RFID has been all the buzz these last couple of years. Some say RFID is the “Mark of the Beast.” Others see it as a big brother, government privacy invasion. In the supply chain world and in other aspects of business, there are huge benefits to using RFID.

About three years ago I co-founded with my uncle a company called Sweaty Palms Software, which was a company specializing in software creation for the Palm OS and barcode scanning handhelds. Lots of businesses saw Microsoft as taking the market, which has happened, they decided to move towards Windows CE .NET handheld computers. Before we decided to let the business go, I was able to do a little bit of research into RFID but found that it was very hard to find information for implementing rfid.

Yesterday, I was able to jump back into the RFID technology game and do some research on implementing rfid in various business settings.
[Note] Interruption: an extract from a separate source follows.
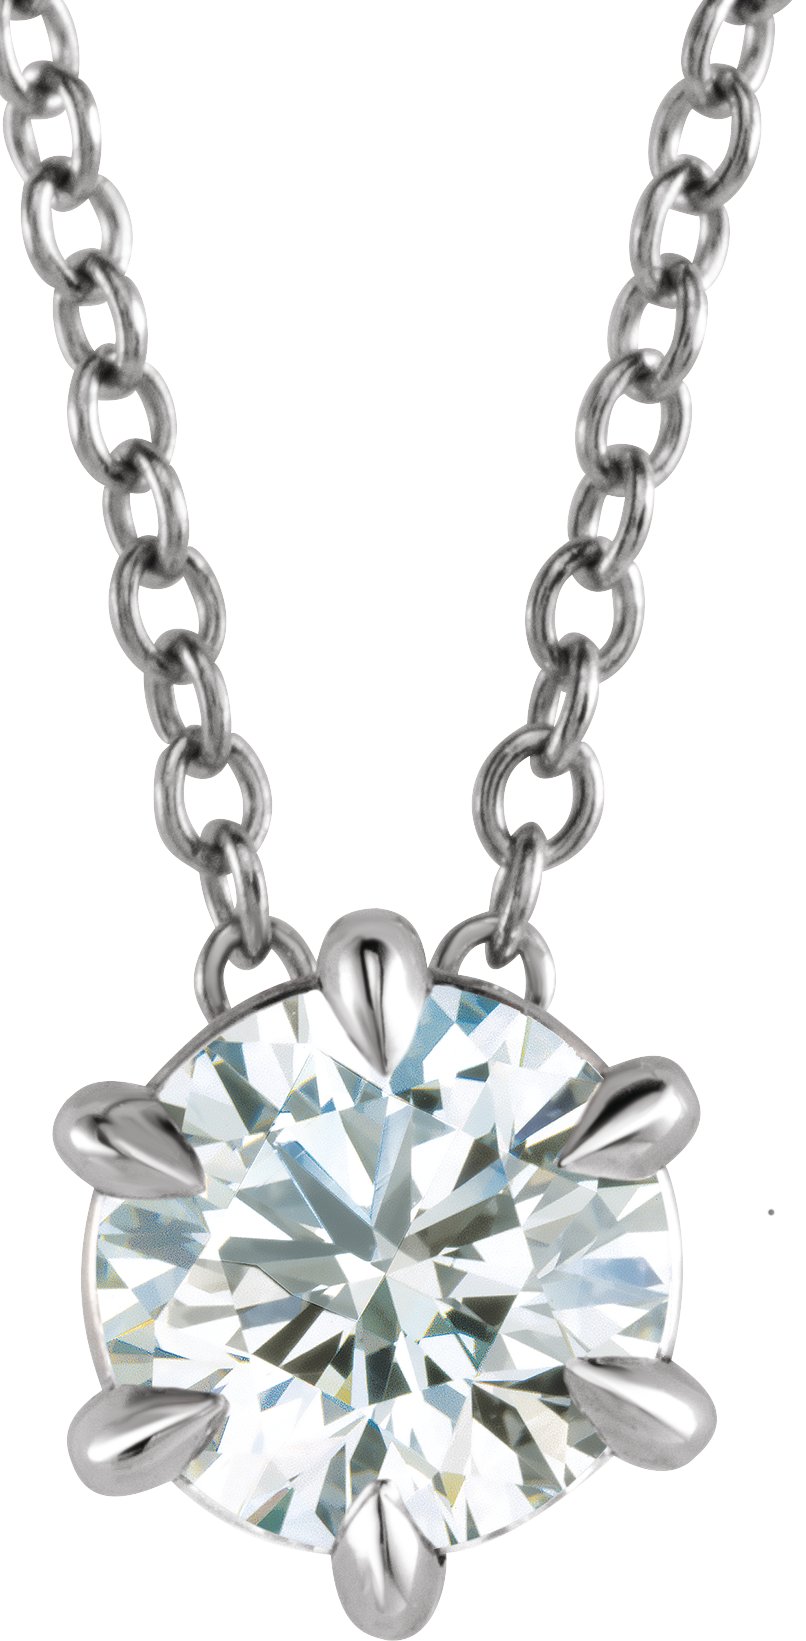 14K White 5/8 CT Lab-Grown Diamond Solitaire 16-18" Necklace

I think rfid is finally to the point to where more and more people are going to be able to start implementing the technology in their arena of business.
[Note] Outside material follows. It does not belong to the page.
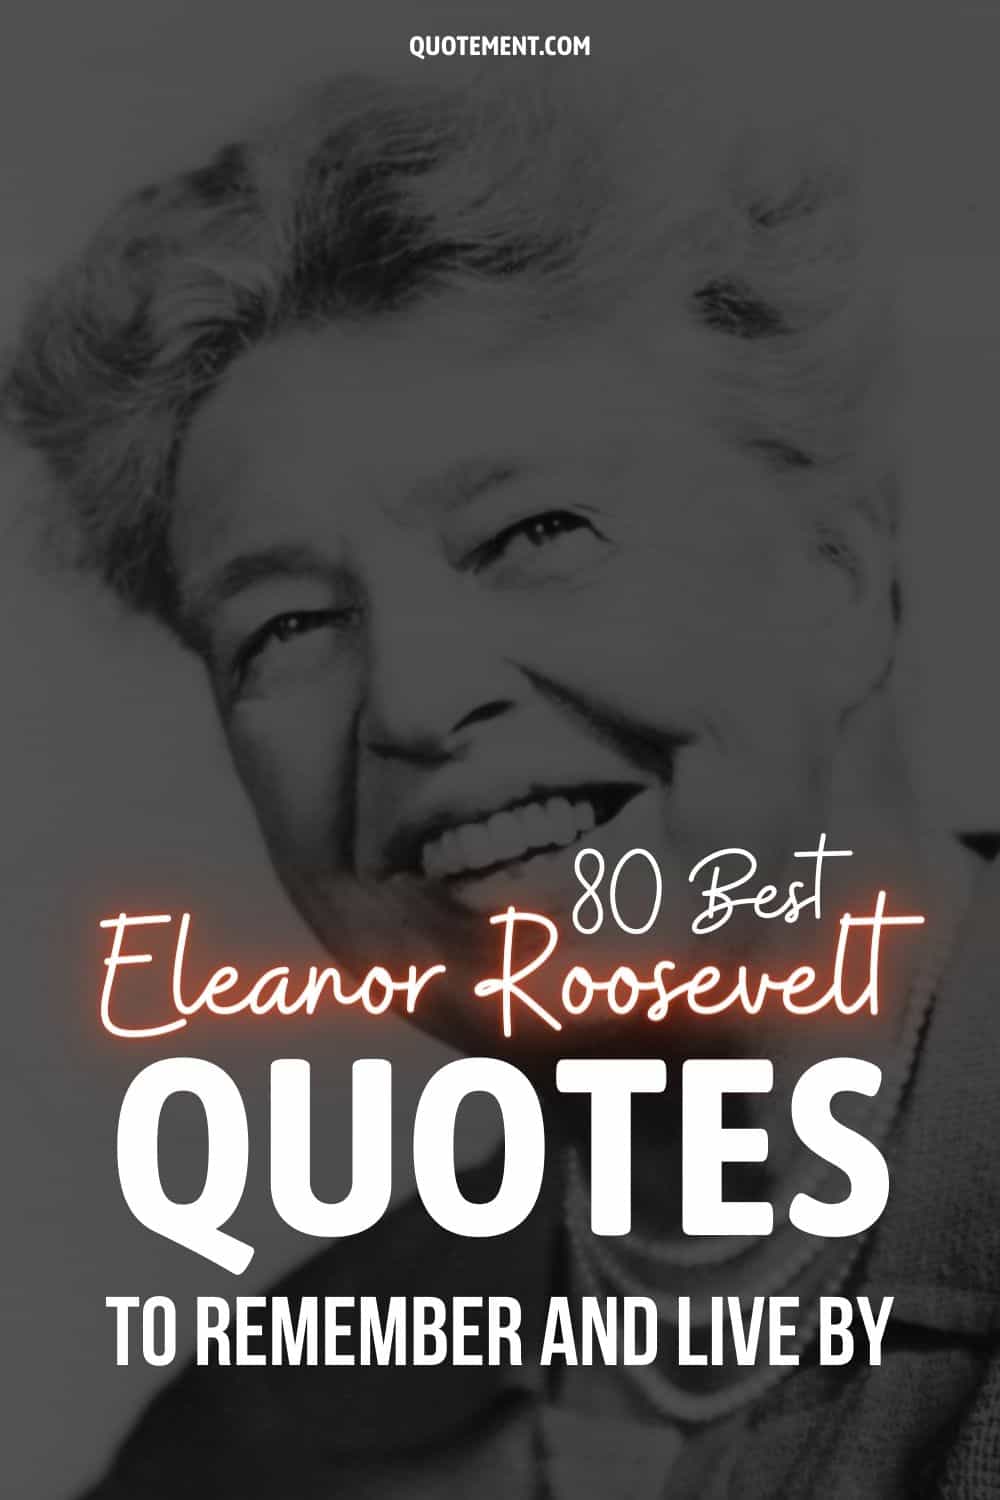 80 Best Eleanor Roosevelt Quotes To Remember And Live By

One thing I didn’t understand was that there are so many different types of rfid tags and readers out there. Here is a summary of definitions and technologies that one must understand in deciding what types of devices and tags they want to use to begin implementing rfid.

EPC (Electronic Product Code) –

  • is the standard encoding used on industry RFID tags
  • consists of EPC version, Manufacture Code, SKU, and Serial Number

Active vs. Passive Tags

  • Active Tags – battery powered tags (lasts from 5 to 10 years). Transmits long distances (up to 100 meters). Usually cost $20+ per tag.
  • Passive Tags – powered by reader’s radio waves. Transmits short distances. Cost around $.50 per tag

Read/Write-ability of Tags

  • Type 0: Read-only
  • Type 0+: Read/Write – Can be written to (once) by a reader
  • Type 1: Read/Write – Can be rewritten by a reader

Common Frequencies and Standards

  • Low Frequency – 125 KHz
    • Read range: less than 0.5m (1.5 ft)
    • Used for: Access control, animal tracking, vehicle immobilizers, POS applications
  • High Frequency – 13.56 MHz (ISO 15693)
    • Read range: 1m (3 ft) a.k.a. “Vicinity” reader
    • Used for: Access control, smart cards, smart shelves, item level tracking such as baggage handling, library books, etc.
  • High Frequency – 13.56 MHz (ISO 14443)
    • Read range: couple of inches “Proximity” readers
  • Ultra-High Frequency – 860 MHz – 930 MHz
    • Read range: 3m (10 ft)
    • Used for: Pallet tracking, electronic toll collection, baggage handling
  • Microwave Frequency – 2.45 GHz / 5.8 GHz
    • Read range: 1m (3 ft)
    • Used for: Supply Chain applications & electronic toll collection

Sources: Symbol, Psion TekLogix

Once you determine the application of rfid, you can then begin to purchase the hardware and begin developing software that will allow you to benefit from this amazing new technology.